Questa prospettiva, lungi dal ridurre Dio a una mera proiezione psicologica nel senso freudiano di illusione, ne riafferma invece la potenza reale ed efficace nella storia. Dire che l’Amore è Dio significa riconoscere che quando un essere umano ama in modo autentico, disinteressato, oblativo, sta toccando con mano l’assoluto, sta facendo esperienza del divino non come teoria, ma come energia trasformante. Lo stesso vale per la Verità, per la Giustizia, per la Bellezza. Questi non sono attributi di un Dio lontano, ma sono la sostanza stessa di Dio che si fa carne nelle nostre scelte, nelle nostre lotte, nella nostra capacità di dire no al cinismo e alla disperazione. Se io dedico la mia vita alla ricerca della verità scientifica, o alla cura dei malati, o alla creazione artistica, sto servendo Dio, anche se mi definisco ateo. Perché Dio è il nome di quella forza che ci spinge oltre noi stessi, verso una relazione più profonda e armonica con il tutto. La liberazione dalla fede intesa come adesione cieca a dogmi incomprensibili diventa così la condizione per una nuova fedeltà: la fedeltà alla vita, alla luce che abita in noi e che chiede di essere liberata. Non si tratta di abolire la religione, ma di purificarla, di riportarla alla sua radice etimologica di re-ligere, raccogliere insieme, unire ciò che è disperso. E ciò che unisce non è la dottrina, che spesso divide, ma l’ideale comune di una vita buona, giusta e gioiosa. La gioia, appunto, non come allegria superficiale, ma come risonanza profonda con il senso dell’essere, è il segno infallibile della presenza di questo Dio-ideale. Quando sentiamo che la nostra vita ha una direzione, che il nostro agire contribuisce, anche in minima parte, all’armonia del mondo, allora siamo nella gioia, allora siamo in Dio. Questa è la scommessa spirituale del nostro tempo: smettere di cercare Dio nei cieli vuoti e iniziare a riconoscerlo nel fuoco che ci brucia dentro quando amiamo, quando creiamo, quando speriamo contro ogni speranza. È un cammino arduo, perché ci toglie le rassicurazioni infantili di un genitore onnipotente che risolve i problemi al posto nostro, ma ci restituisce la dignità di figli adulti, collaboratori attivi nella continua creazione del mondo.

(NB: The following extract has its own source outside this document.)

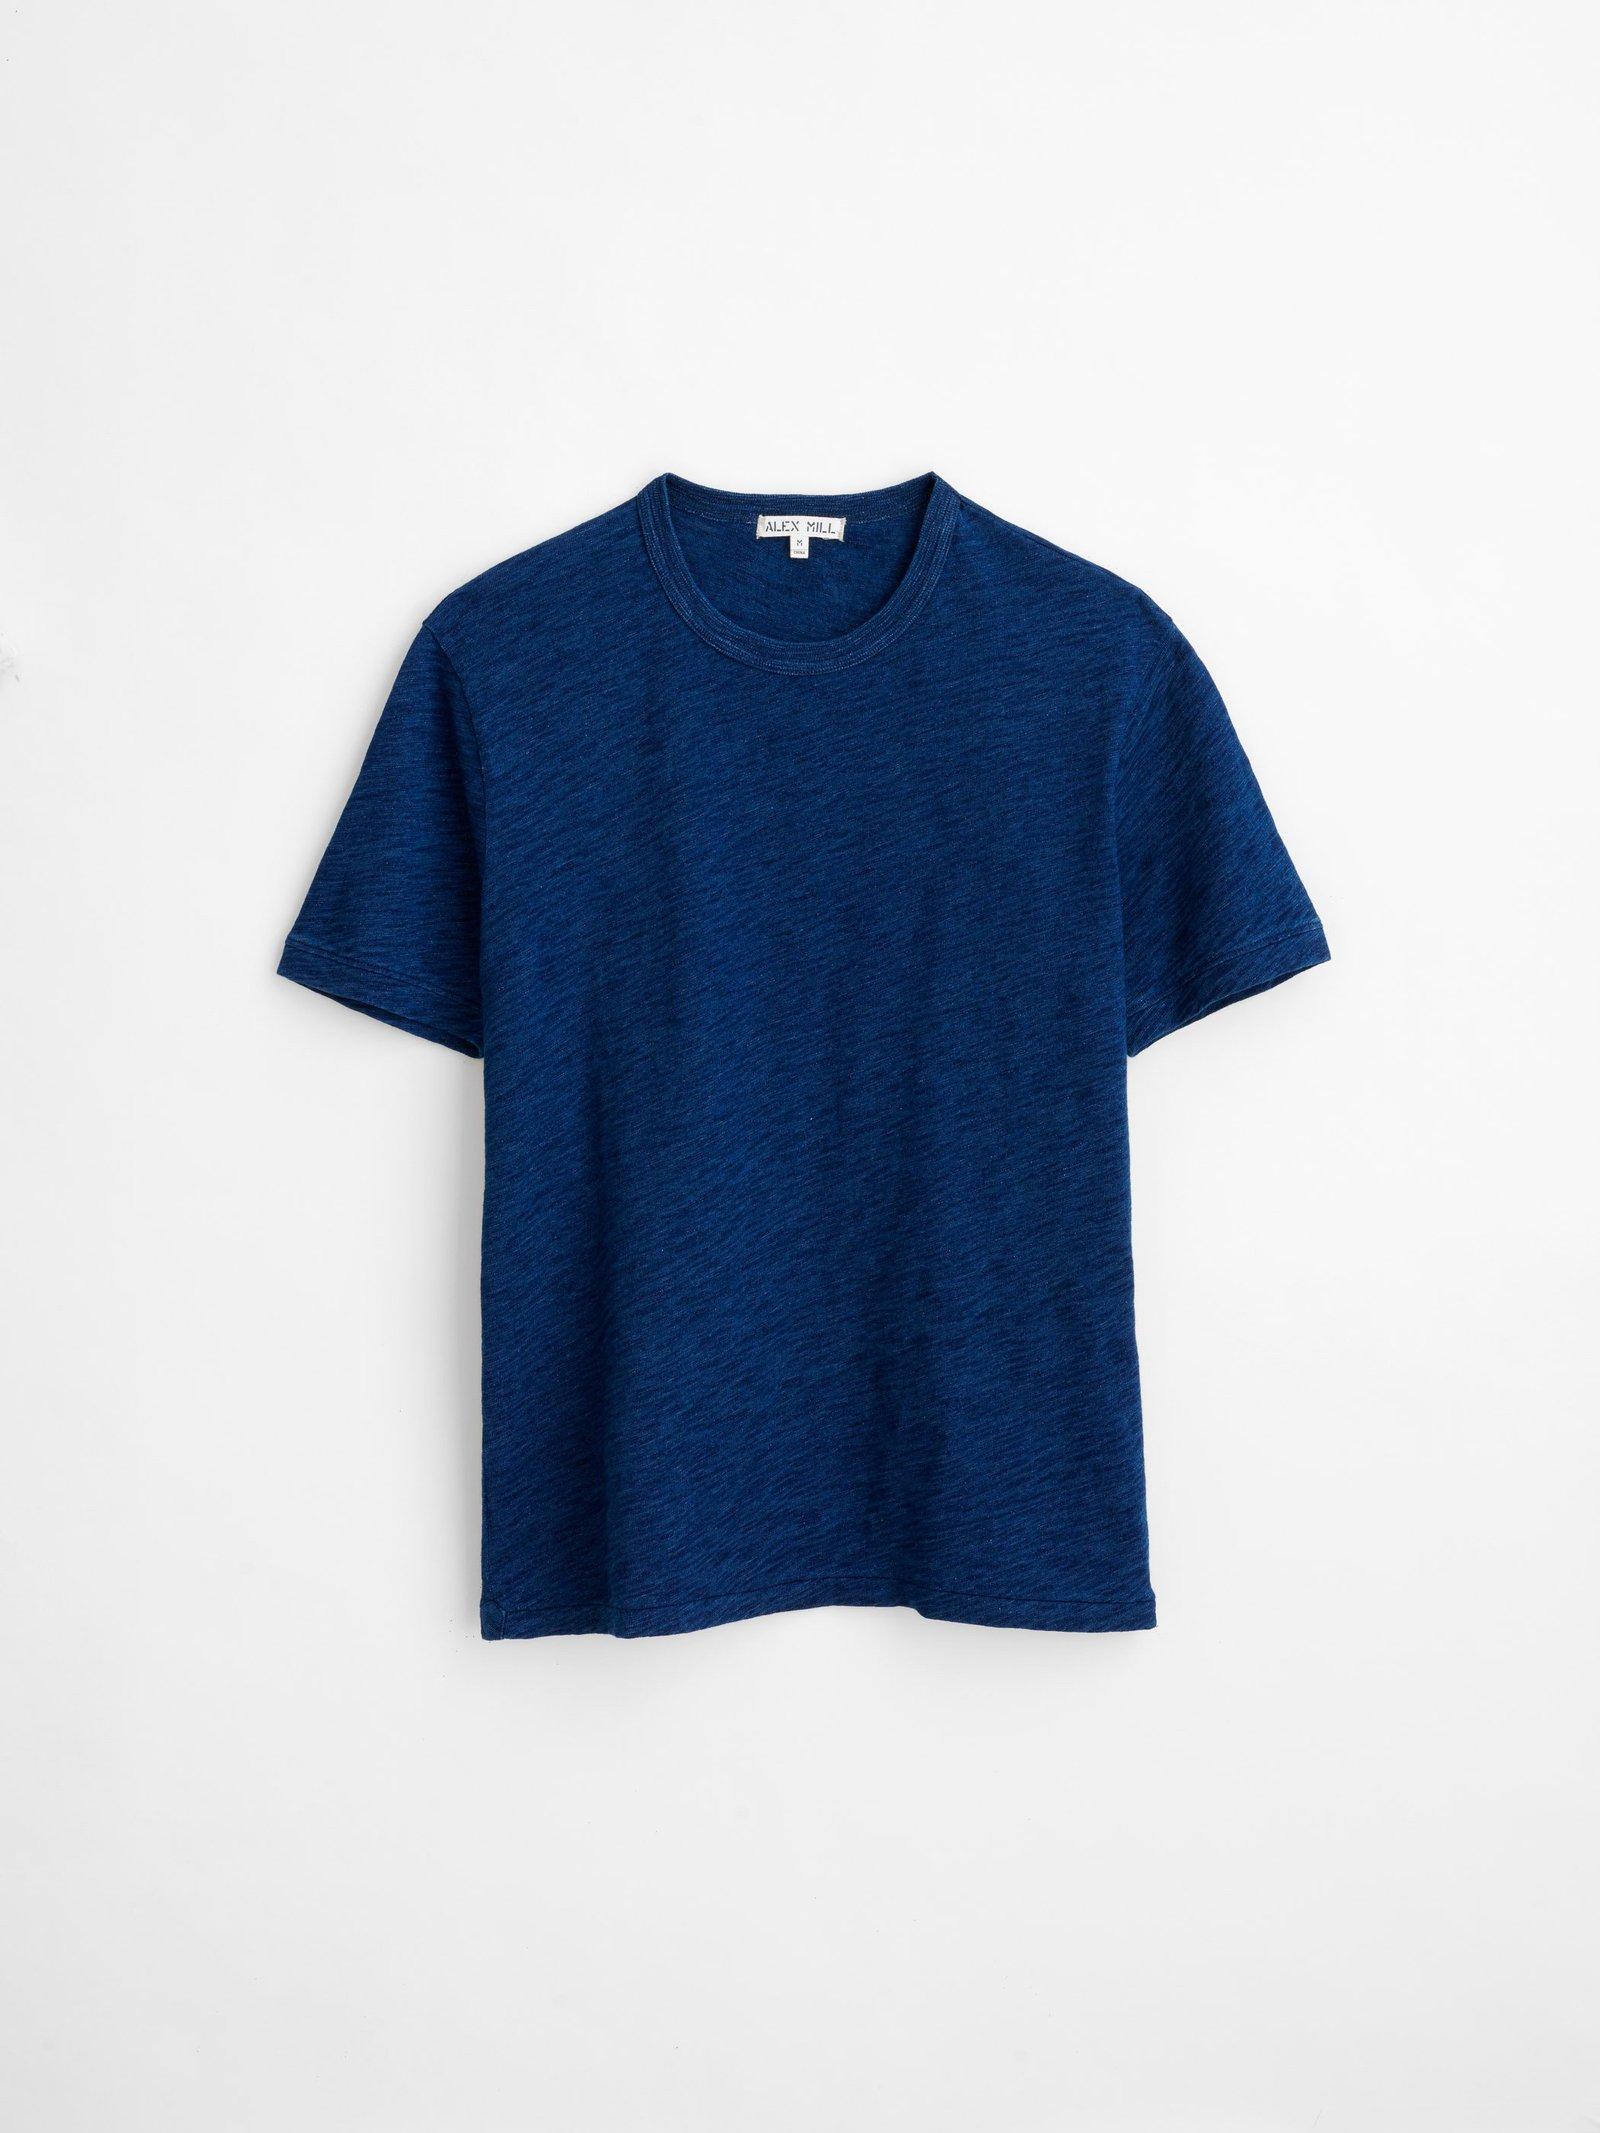 Alex Mill Standard T-Shirt in Indigo Slub Cotton

Inversione Copernicana (Teologica): Il passaggio dal considerare Dio come centro esterno da cui tutto emana (teocentrismo) al considerare l’esperienza umana e i suoi valori supremi come la base per definire il concetto di Dio.
Tensione Verticale: La spinta spirituale e psicologica che porta l’essere umano a trascendere la propria condizione puramente biologica per aspirare a valori assoluti e significati universali.
Re-ligere: Una delle etimologie della parola religione (dal latino religere, raccogliere o riconsiderare), intesa qui come l’atto di unire e dare coerenza ai frammenti dell’esistenza umana attorno a un ideale comune.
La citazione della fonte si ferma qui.